Erdoğan’ın “On sene sonra eyalete geçeceğiz” diyerek hem şimdiden daha yakın bir tarihte eyalet sistemine geçişin hazırlığını gerçekleştirmekte hem PKK ile 
pazarlığın sonucunu açıklamaktadır. Böylece Türk Milleti, psikolojik operasyon 
ile zihinlerde federasyona hazırlanmaktadır.

            Erdoğan’ın en son olarak Öcalan gibi 1921 anayasasına atıfta 
bulunarak, “Yeni Türkiyesine 1921 anayasası üzerinden referans göstermesi çok 
önemlidir. Çünkü Öcalan bir çok kez sorunun çözülmesi için 1921 Anayasasını 
referans göstermiştir. Murat Karayılan, 20 Mayıs 2011’de Akşam gazetesinde 
yayınlanan söyleşisinde 1921 Anayasası esas alınırsa sorun çözülür demiştir. 
AKP’li akademisyenler ve PKK, 1921 anayasasını Türklerin ve Kürtlerin kurucu 
halk olarak yer aldıkları anayasa olarak yorumlamaktadırlar.  

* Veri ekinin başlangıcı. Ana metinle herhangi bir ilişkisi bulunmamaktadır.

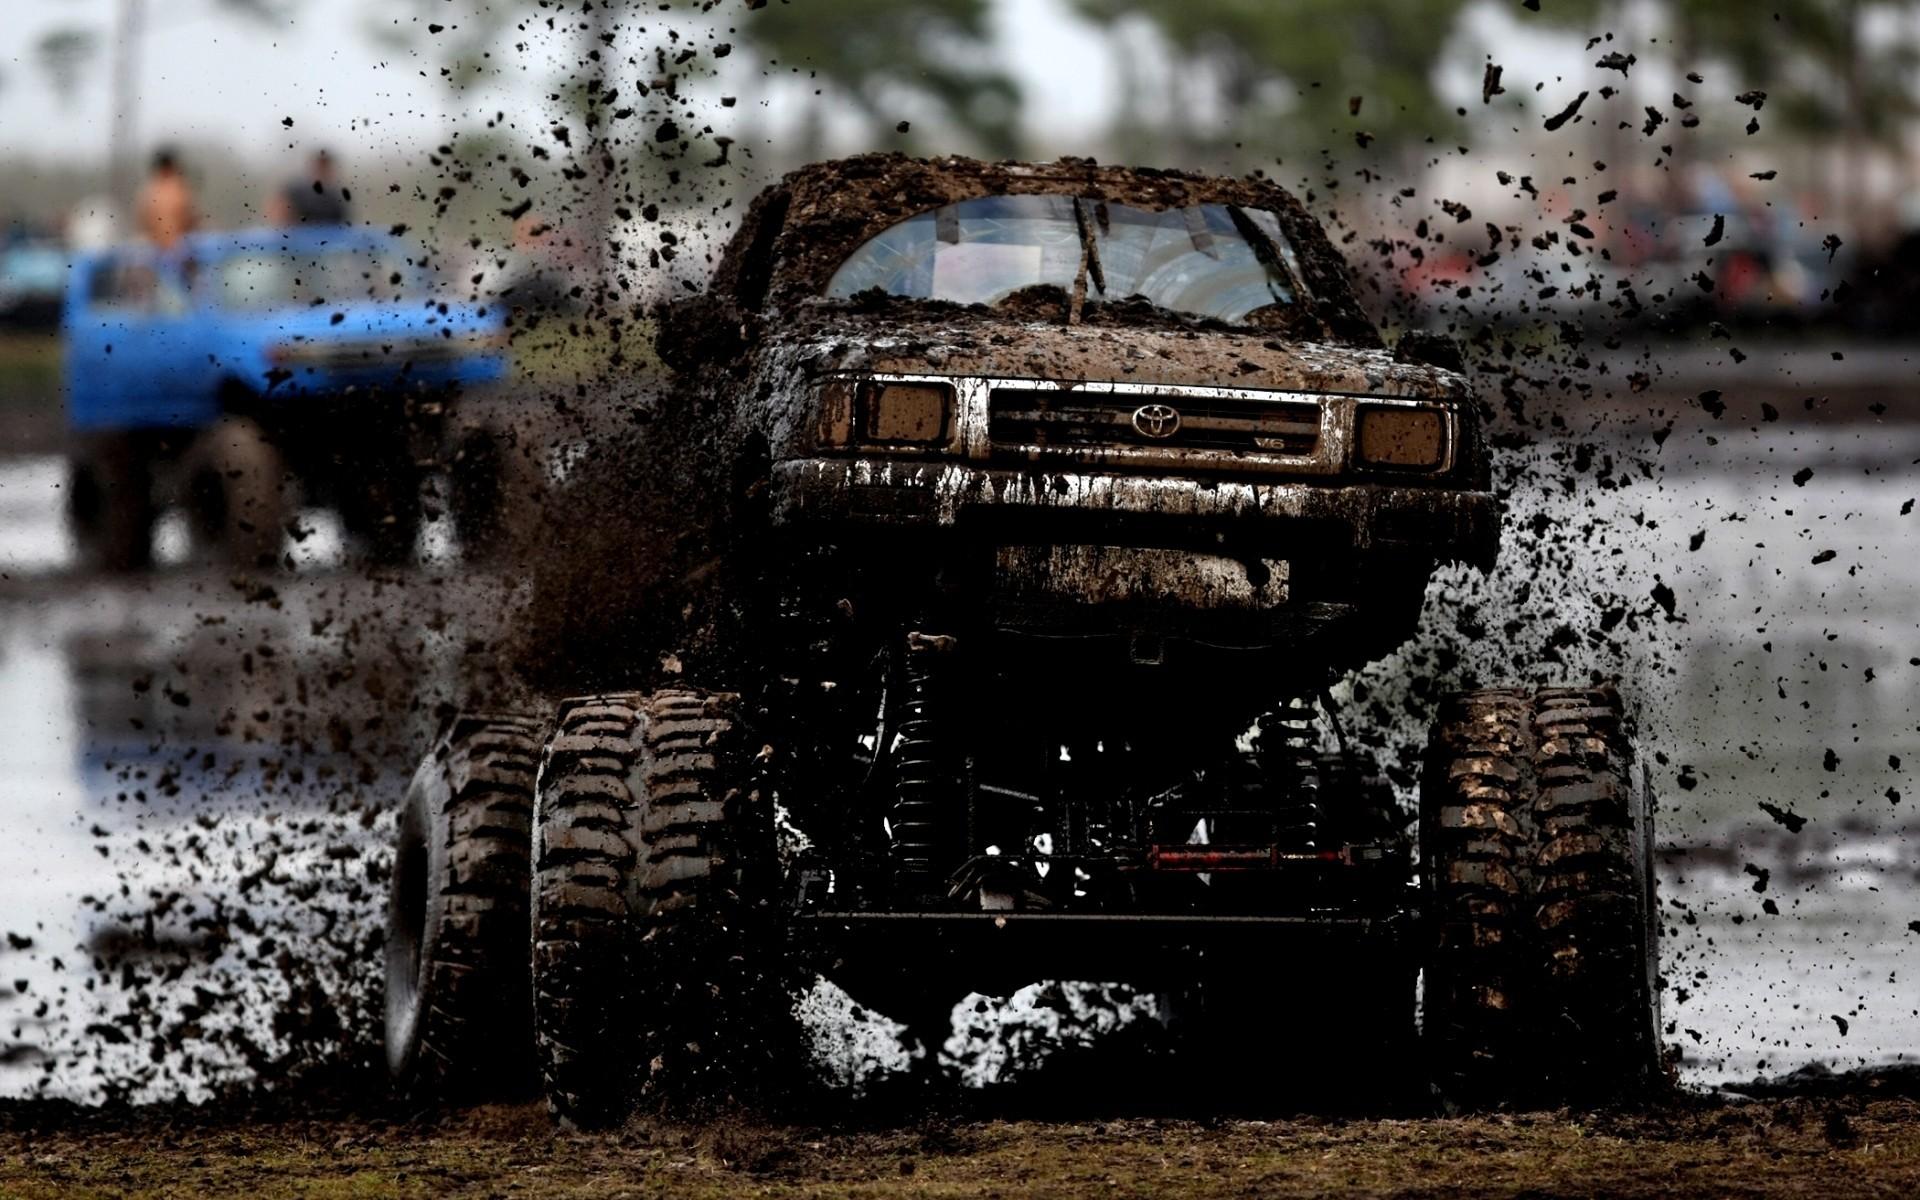 car snow vehicle mud Toyota trucks offroad Jeep material screenshot automobile make auto racing off roading off road vehicle monster truck 158651

           Türkiye, hazırlanan mastır plan gereği 2023’e kadar 
federalleştirilmek için beklenmeyecektir. “Artık güçlü ülke olduk, 2023’e kadar 
beklemeye gerek” yok denilerek, 2015 sonrasında atılacak birkaç şok adım ile 
“Yeni Türkiye’nin kuruluşu ilan edilecektir. Bu çerçevede Öcalan serbest 
kalacaktır. Kandil’deki PKK’lılar Türkiye’ye dönecek ve siyasete gireceklerdir. 
Türkiye’de başkanlık sistemi ve eyalet modeli aynı yasal düzenleme ile 
oluşturulacaktır. Daha şimdiden “eyaletler etnik esasa göre değil, coğrafi esasa 
göre olacak” şeklinde bir yalan söylenerek Türk Milletinin direnci kırılmaya ve 
Türk Milleti bölünmeye alıştırılmaya çalışılmaktadır. Aynı yalanın Irak’ta 
“etnik değil coğrafi federasyon olacak” diye Iraklılara da söylendiğini 
unutmamak gerekmektedir.

        Erdoğan, “güçlü ülkelerin federasyondan/eyaletlerden korkmaması 
gerektiğini” söylemektedir. Oysa bir ülkenin siyasi yapısını tarihin belirli bir 
döneminde o ülkenin mevcut gücü değil, tarihi, siyasi, coğrafi, etnik, kültürel 
yapıları belirler. Osmanlı İmparatorluğu’nu eyalet modeli için gerekçe göstermek insan aklı ile alay etmektir. 16. Yüzyılda 19 Milyon kilometrekarelik bir alana yayınlan dev bir coğrafyayı yönetmek için bulunan formül ile 780 bin 
kilometrekarelik son hatta çekilmiş Türkiye Cumhuriyetini yönetmek için 
uygulanması gereken formül aynı olamaz. Üstelik, Osmanlı padişahları egemenliği paylaşmamışlardır. Oysa, 21. Yüzyılın eyalet modeli egemenliğin paylaşılmasını beraberinde getirecektir.